Аристарх Павлович вернулся в залу, сказал спокойно:
— Поговорить хотят, пойду…
— Не пущу одного! — вдруг сказала Валентина Ильинишна и сорвала с вешалки пальто. — Они и тебя заберут. Они всех нас по одному… Хватит! Война так война!
— Хорошо, — согласился он. — Если через минуту не вернусь — выходите все. А пока стойте у двери.
Он вышел на крыльцо и огляделся — пусто…
— Ну, где ты?
— Здесь, — отозвались с лесов над головой, и в следующий миг на площадку крыльца спрыгнул мужчина лет сорока пяти. — Не бойтесь, я от подполковника Ерашова, Алексея Владимировича.
— Где он? — вздрогнул Аристарх Павлович.
— У вас в доме посторонние есть? — спросил мужчина.
— Нет, только свои.
— Все равно… Отойдем куда-нибудь, поговорим, — подумав, сказал он и глянул на лампочку над дверью. — Тут как на эстраде…
Минуты наверняка не прошло, однако дверь распахнулась и на крыльцо вышли Валентина Ильинишна, Екатерина и Олег. Мужчина шагнул в тень балки от лесов и отвернулся.
— Ступайте назад, — велел Аристарх Павлович. — Все в порядке, это ко мне, по делу…
Недоверчиво поглядывая на незнакомца, они скрылись за дверью, но оставили ее приоткрытой.
Аристарх Павлович спустился с крыльца и направился к сараю, мужчина последовал за ним.
— Где Ерашов? — на ходу спросил Аристарх Павлович, но не дождавшись ответа, резко обернулся. — Где?
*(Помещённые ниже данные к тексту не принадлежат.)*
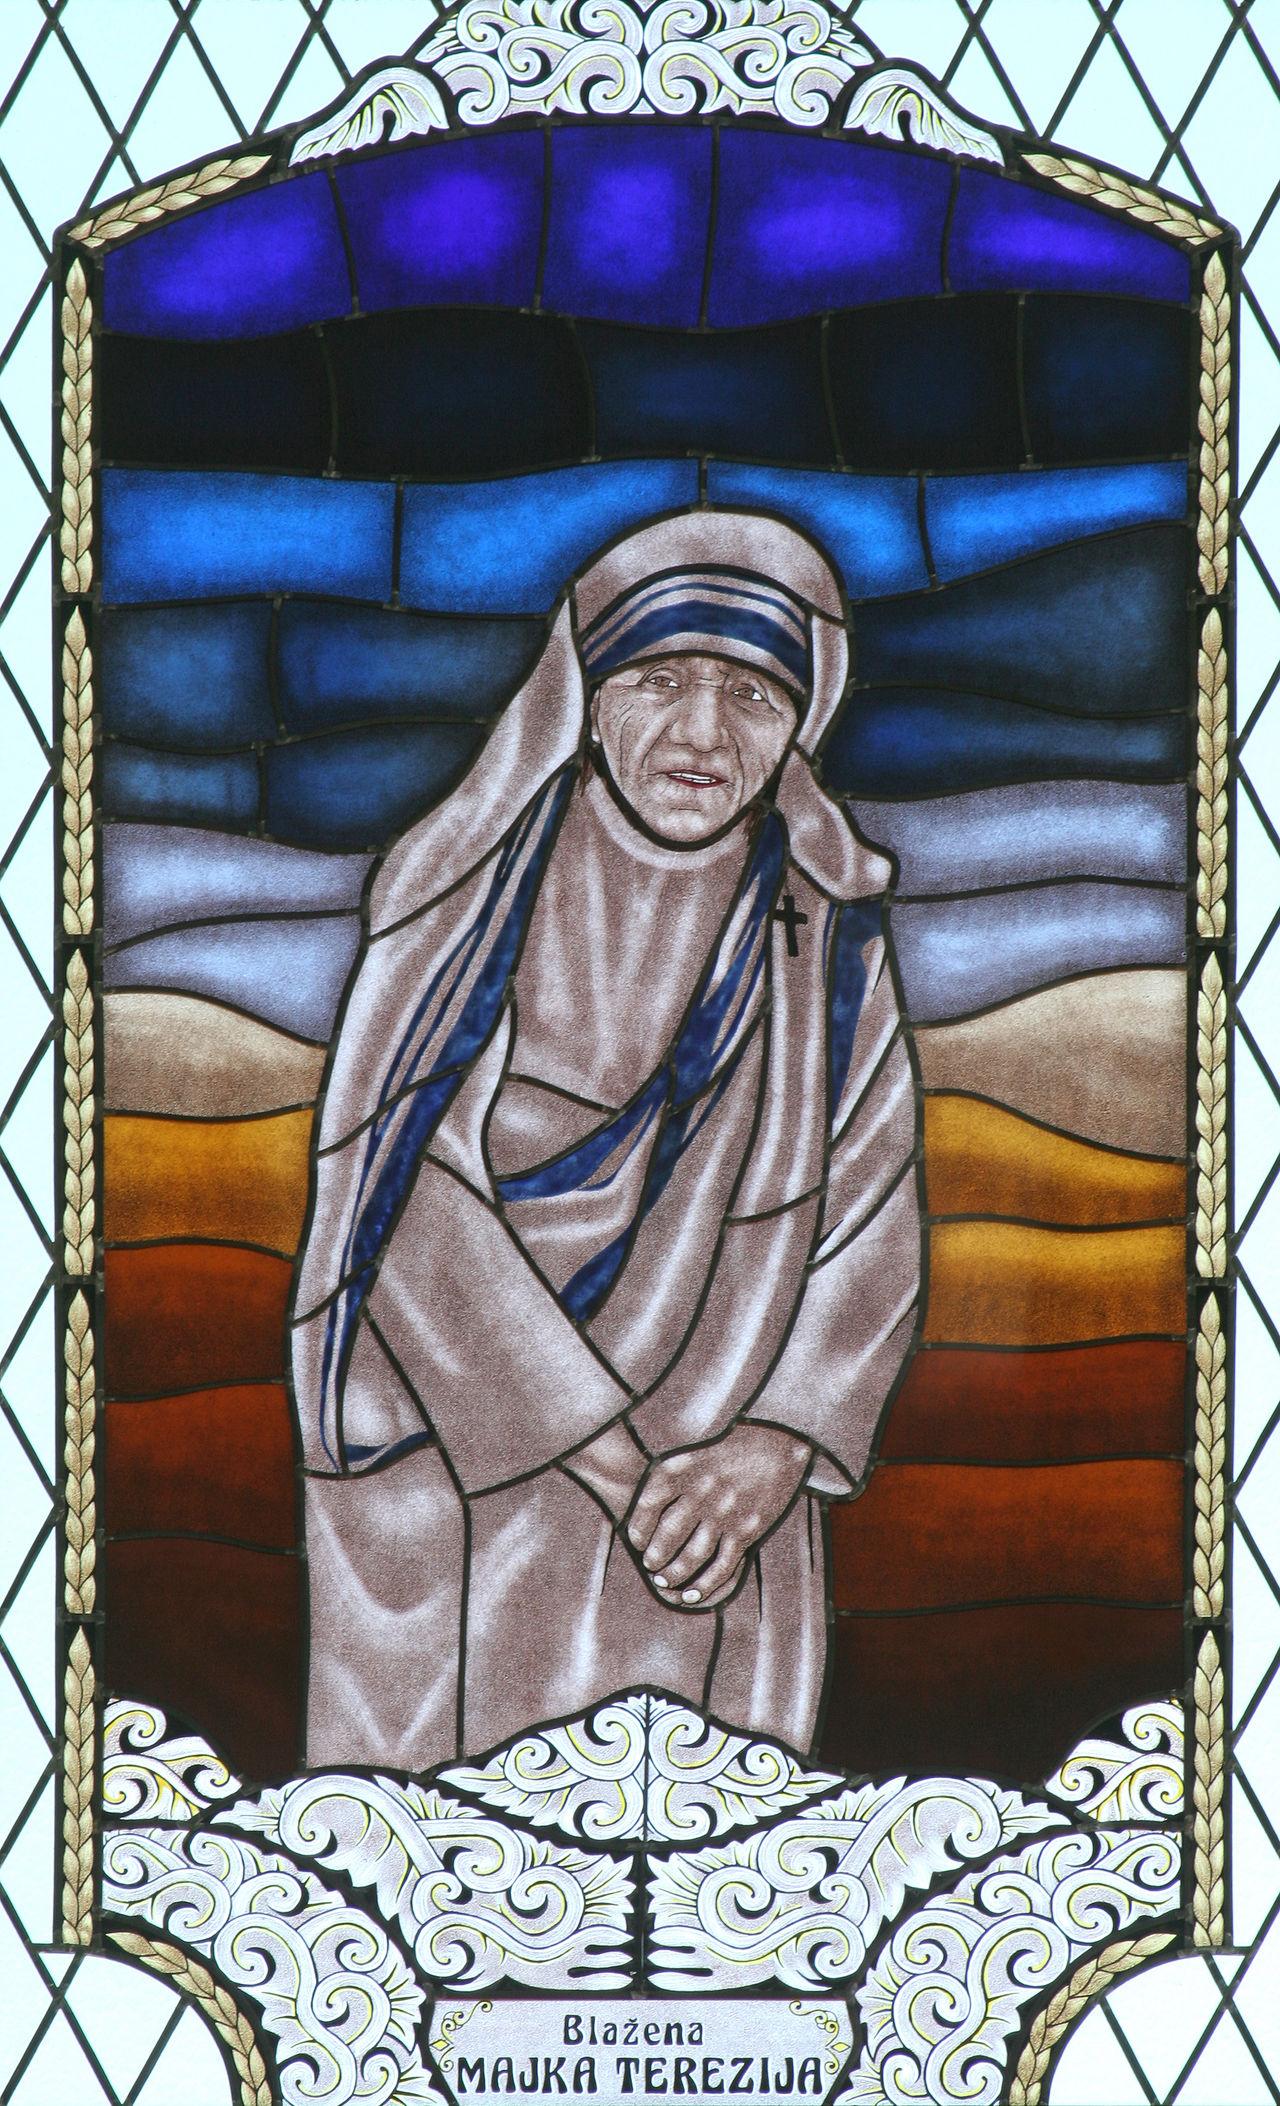 Saint Mother Teresa Belief Christianity Church Croatia Faith Holy Mother Mother Teresa Religion Religious  Saint Spirituality Stained Glass Teresa Window Windowpane Worship

Говори!
В темноте белели одни глаза…
— Убили… Расстреляли почти в упор!
Аристарх Павлович механически дошел до стены сарая, уперся головой и замер.
— Кто? — спросил глухо.
— Неизвестно, — проронил незнакомец. — Какой-то солдатик из Таманской дивизии.
Аристарх Павлович повернулся спиной к стене и медленно сполз по ней, опустившись на корточки. Глаза привыкали к темноте, но сознание протестовало…
— Ты был с ним?
— С ним был… На моих глазах убили, — сипло объяснил он. — Вышел с мегафоном, звать стал… На ступенях и лег. Из крупнокалиберного расстреляли, сволочи! В упор!
— Зачем вы полезли в этот Белый дом?! — взорвался Аристарх Павлович. — Командиры, офицеры!.. Это же загон, бойня!
— Никто не ожидал такого зверства, отец…
— Тебя как зовут?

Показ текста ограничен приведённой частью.